Task to carry out —
Span requested from the data below: the line with "Полка для унитаза" through the line with "Extrem hohe Temperaturen, Thermometer", both included. Give only these lines again, exactly, and leave every picture out.

─── Source data ───

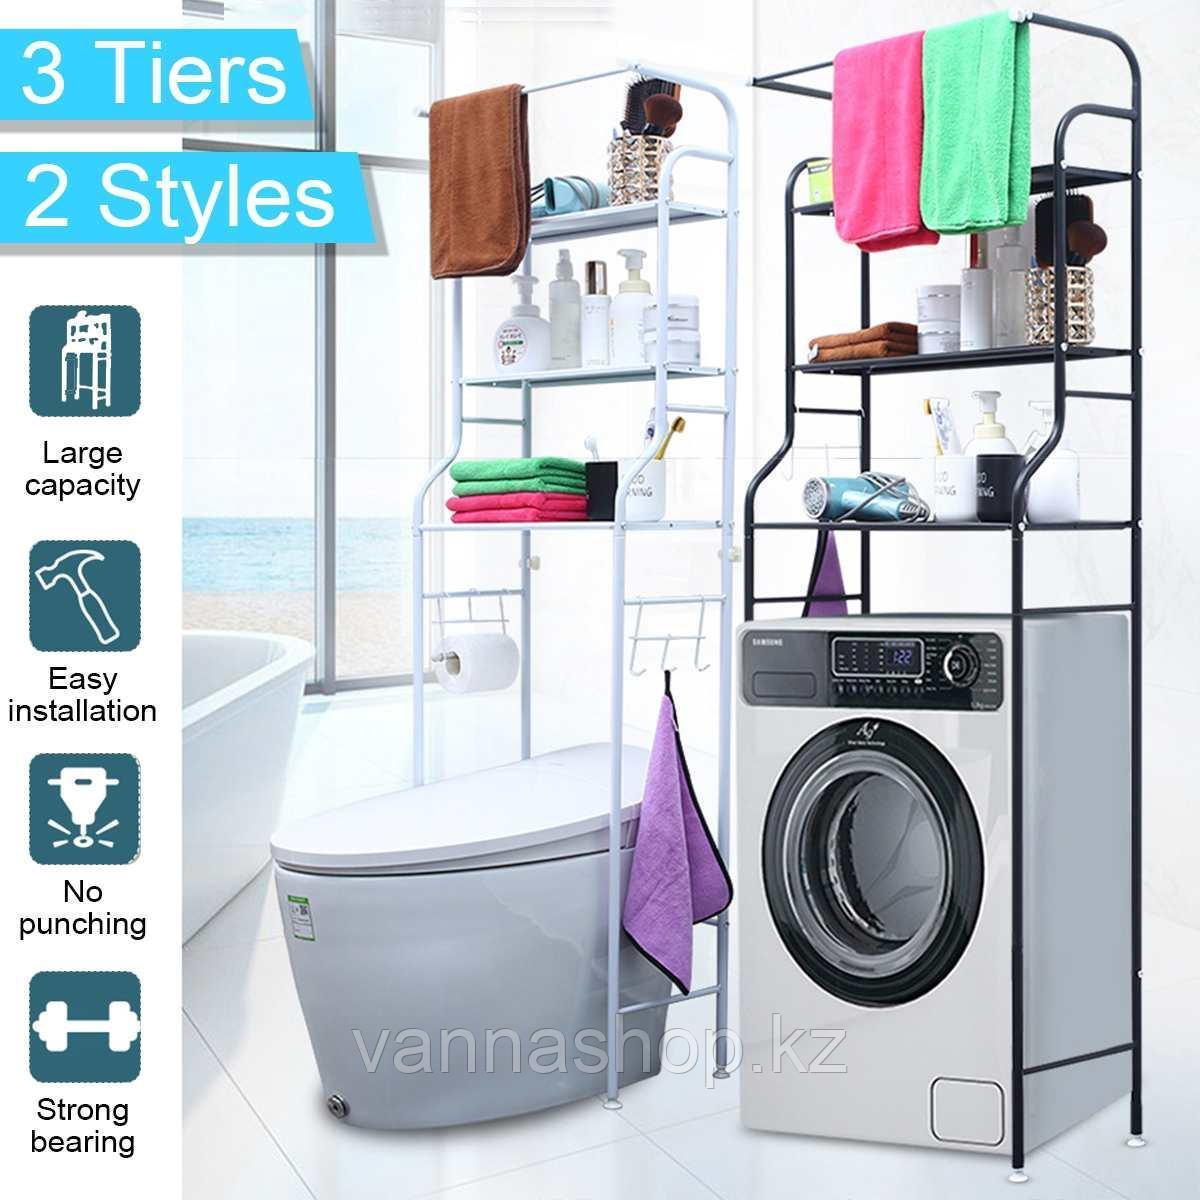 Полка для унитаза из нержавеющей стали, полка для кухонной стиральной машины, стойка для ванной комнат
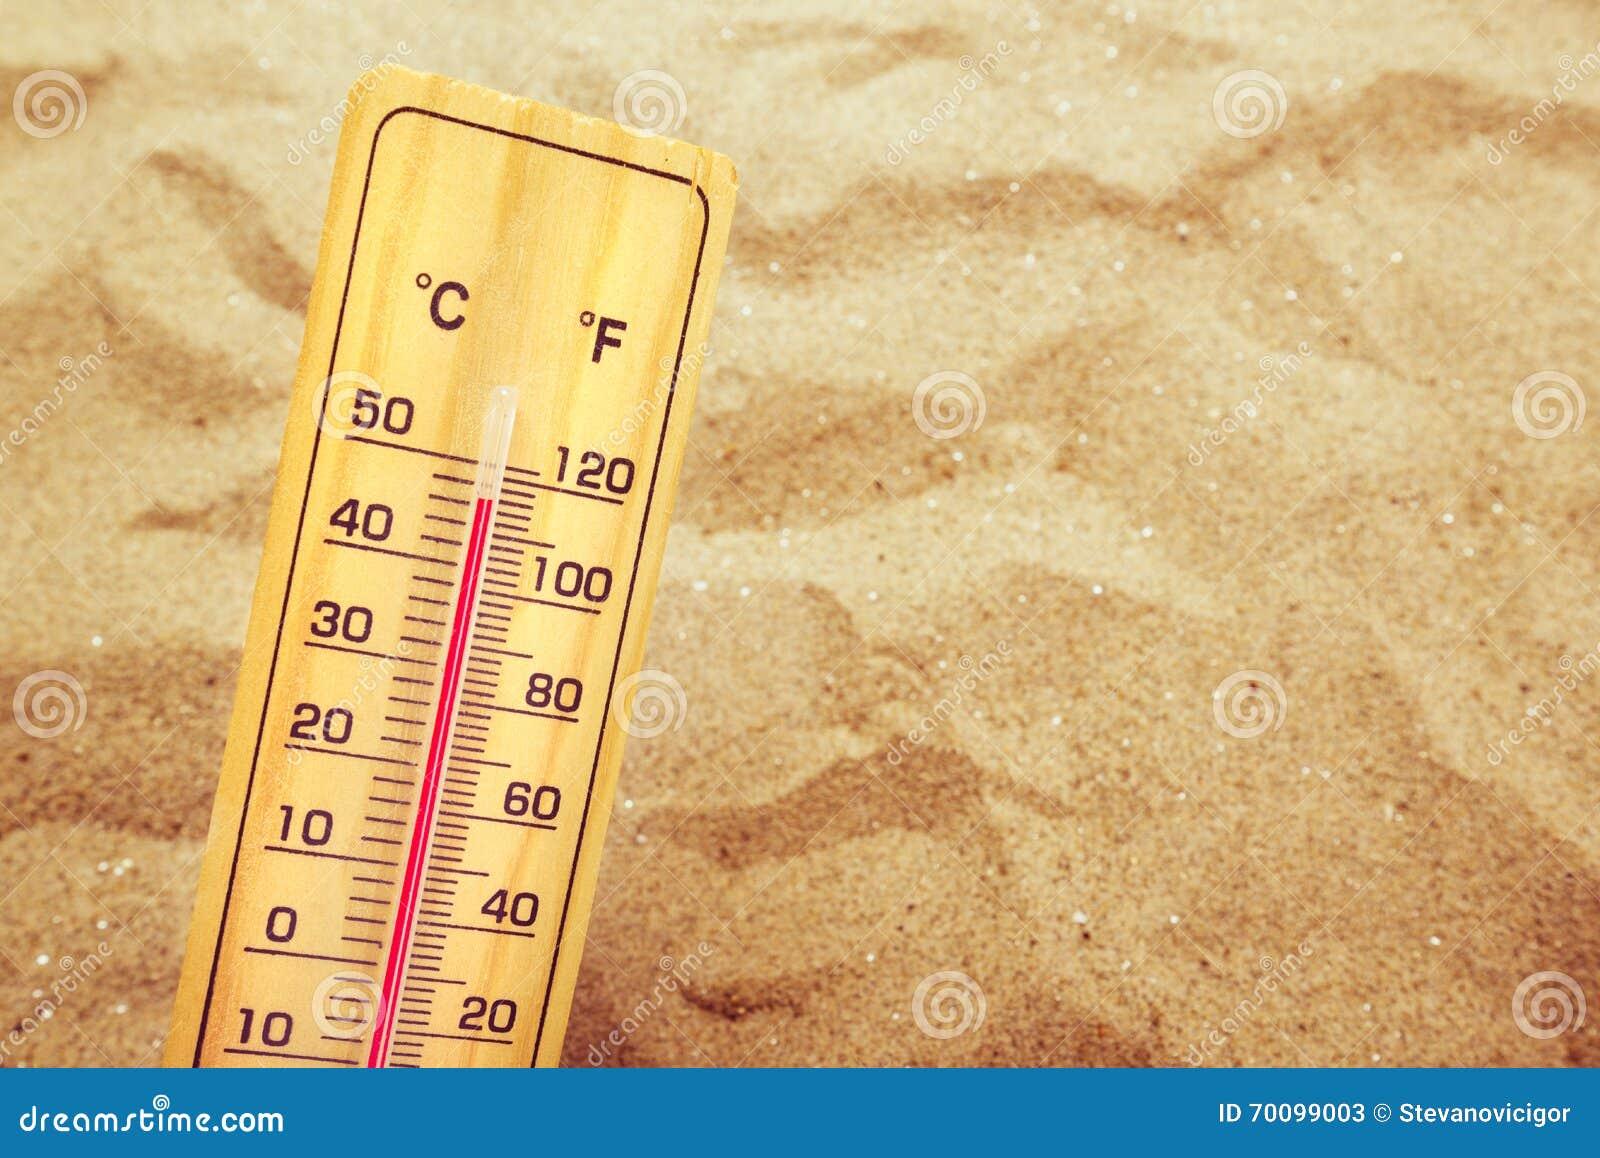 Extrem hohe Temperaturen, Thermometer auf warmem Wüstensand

───
─── Source data ───

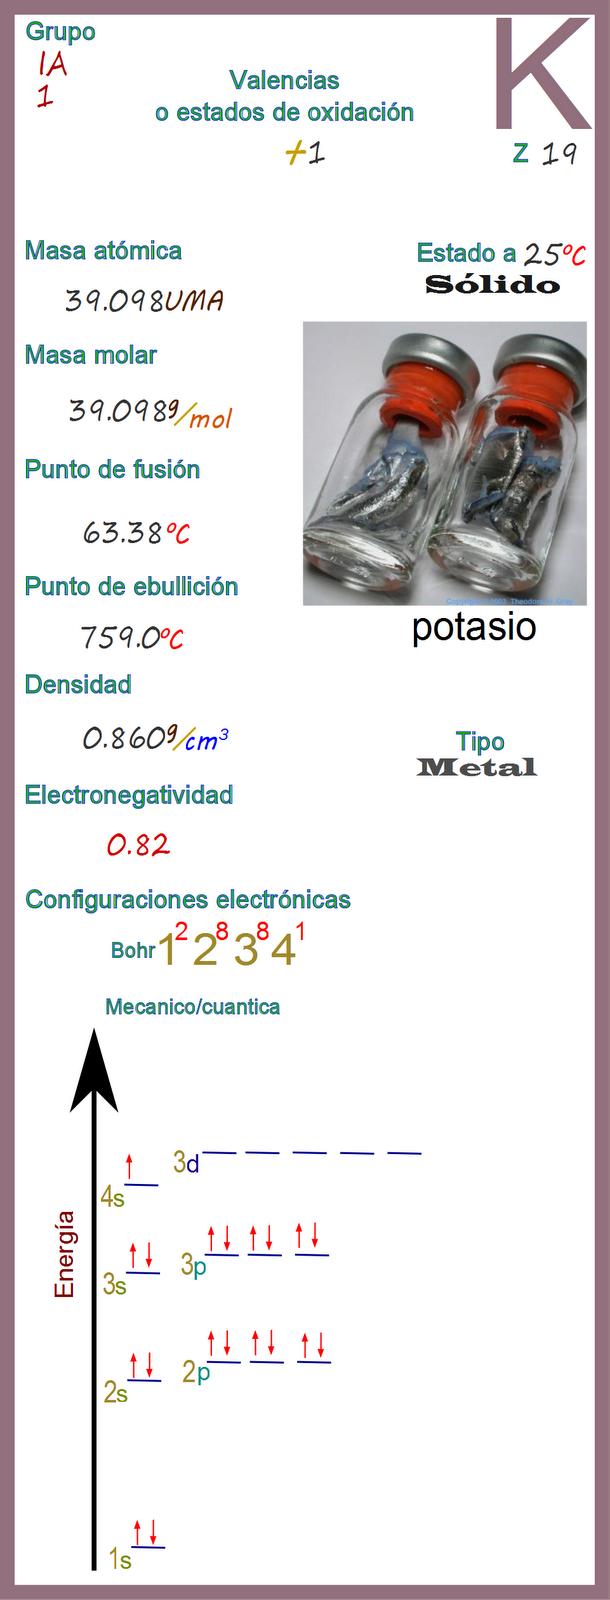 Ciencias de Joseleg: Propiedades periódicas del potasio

───

Output below —
 Полка для унитаза из нержавеющей стали, полка для кухонной стиральной машины, стойка для ванной комнат
 Extrem hohe Temperaturen, Thermometer auf warmem Wüstensand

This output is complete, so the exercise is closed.